→ Task
Your task is to retype, exactly, the line containing "Pentair Pentek C1-20" and every later line through the end of the listing, with pictures omitted.

→ Recorded data
■ ■ ■ ■
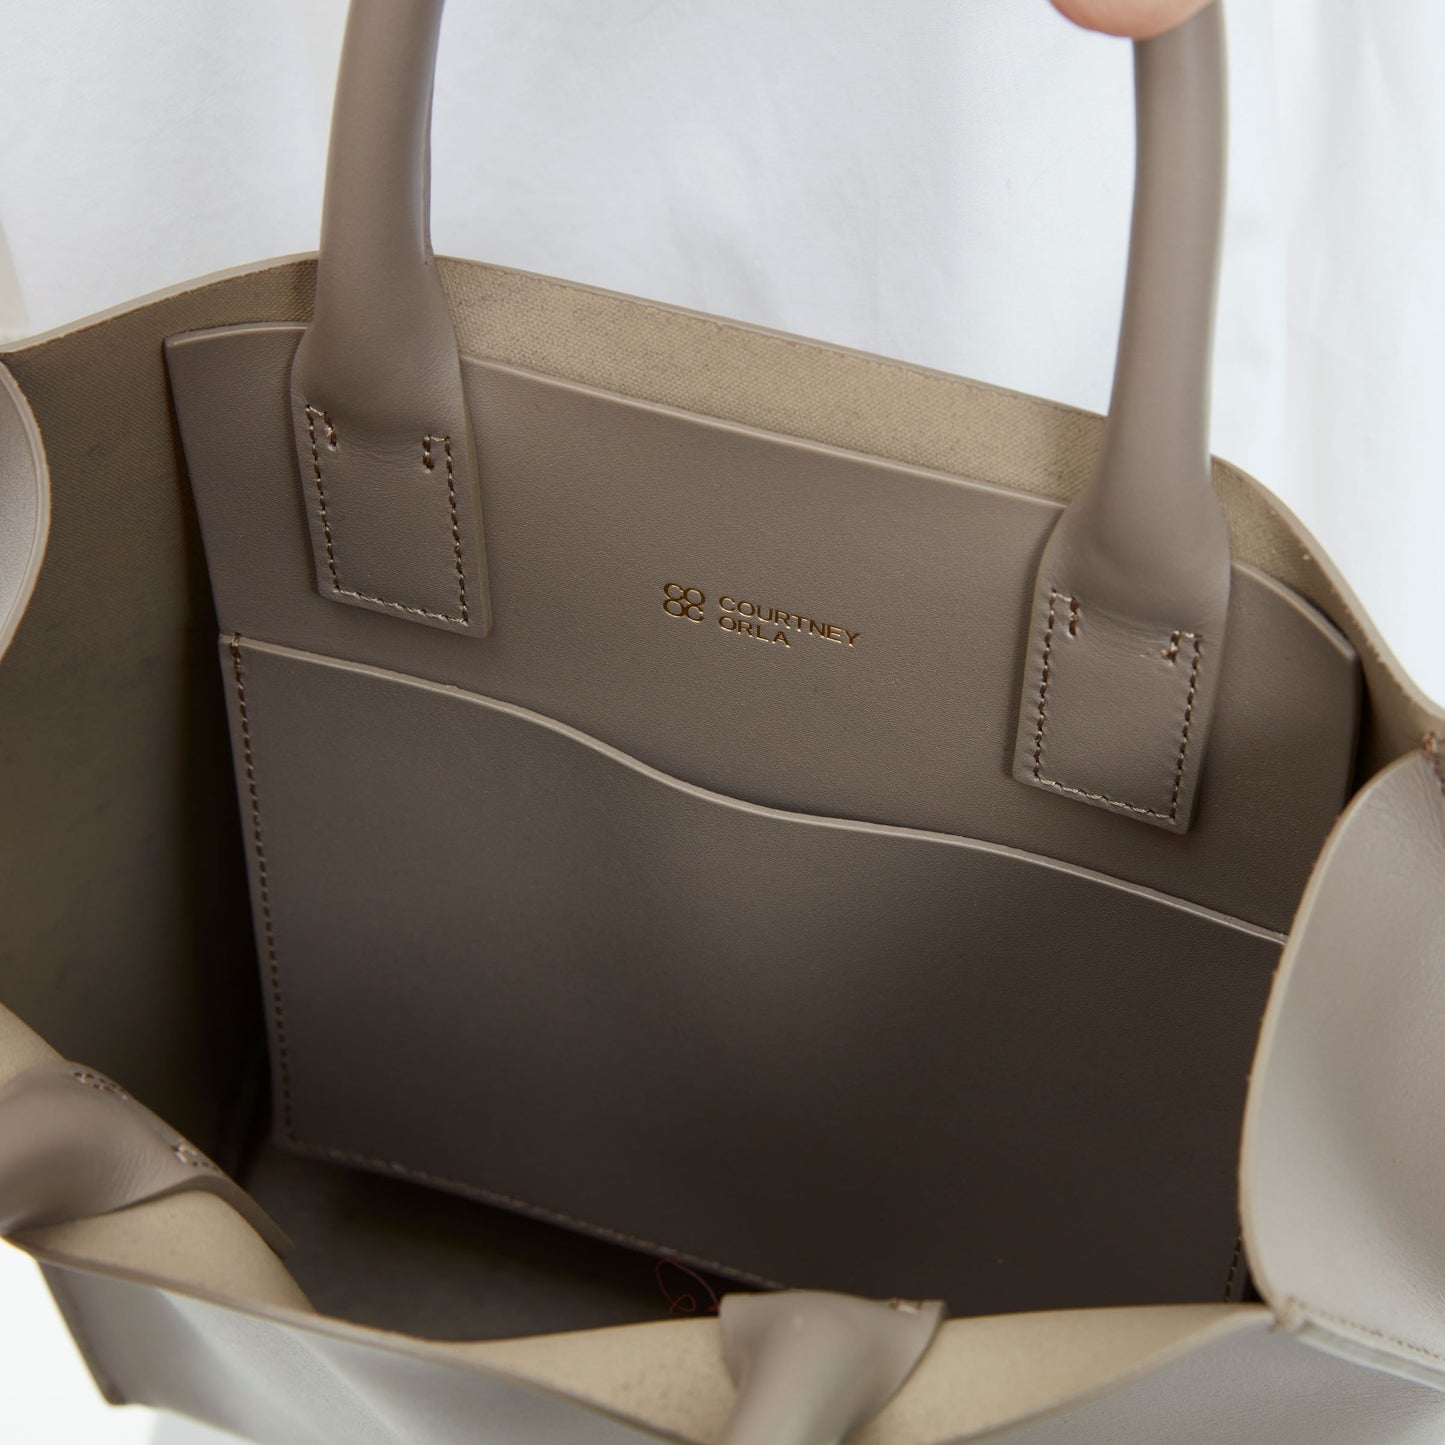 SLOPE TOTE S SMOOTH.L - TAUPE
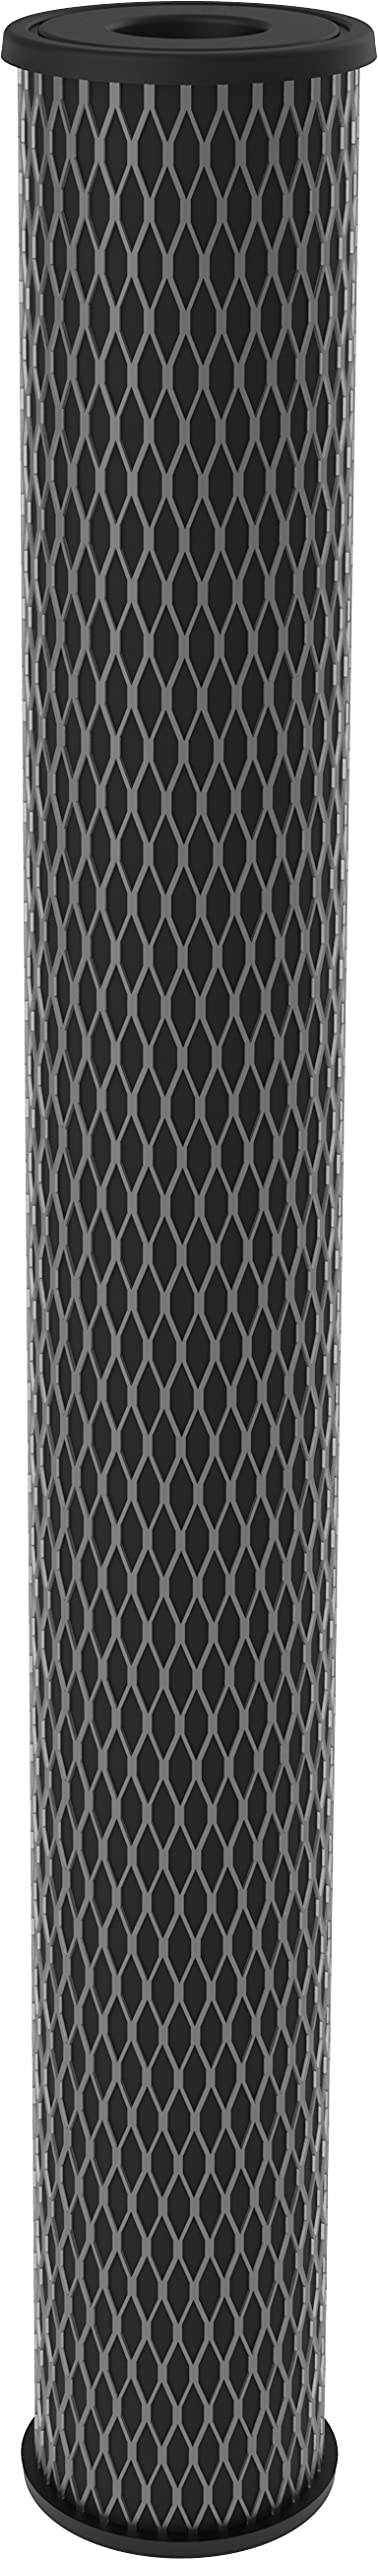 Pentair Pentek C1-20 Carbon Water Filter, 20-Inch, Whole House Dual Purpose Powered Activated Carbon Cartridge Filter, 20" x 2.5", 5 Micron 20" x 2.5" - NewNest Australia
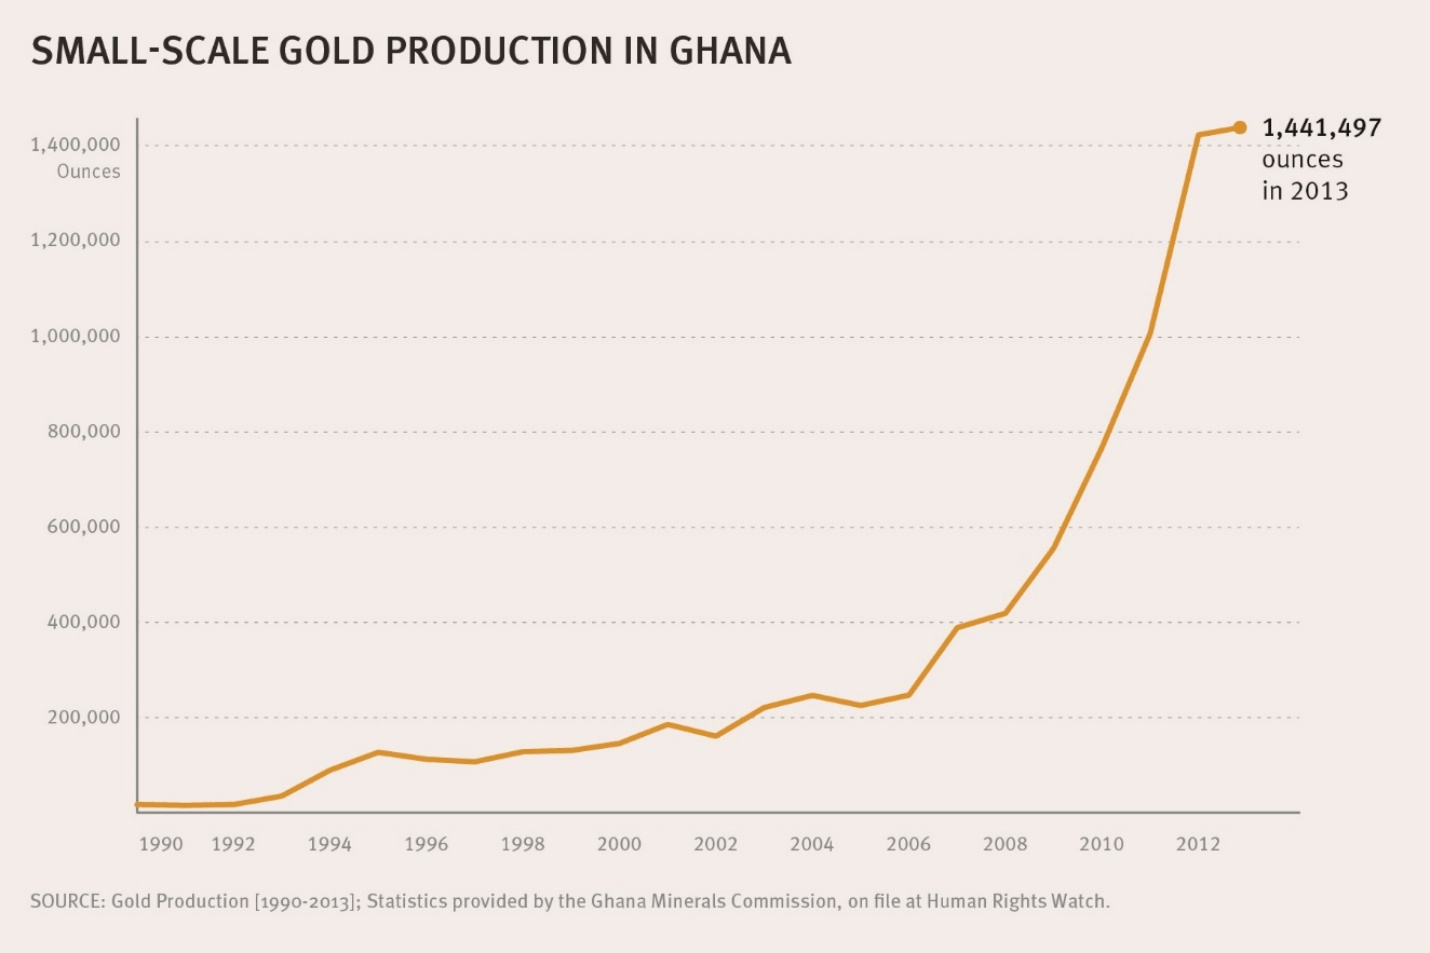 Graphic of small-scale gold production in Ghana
■ ■ ■ ■
→ Solution for this exercise
 Pentair Pentek C1-20 Carbon Water Filter, 20-Inch, Whole House Dual Purpose Powered Activated Carbon Cartridge Filter, 20" x 2.5", 5 Micron 20" x 2.5" - NewNest Australia
 Graphic of small-scale gold production in Ghana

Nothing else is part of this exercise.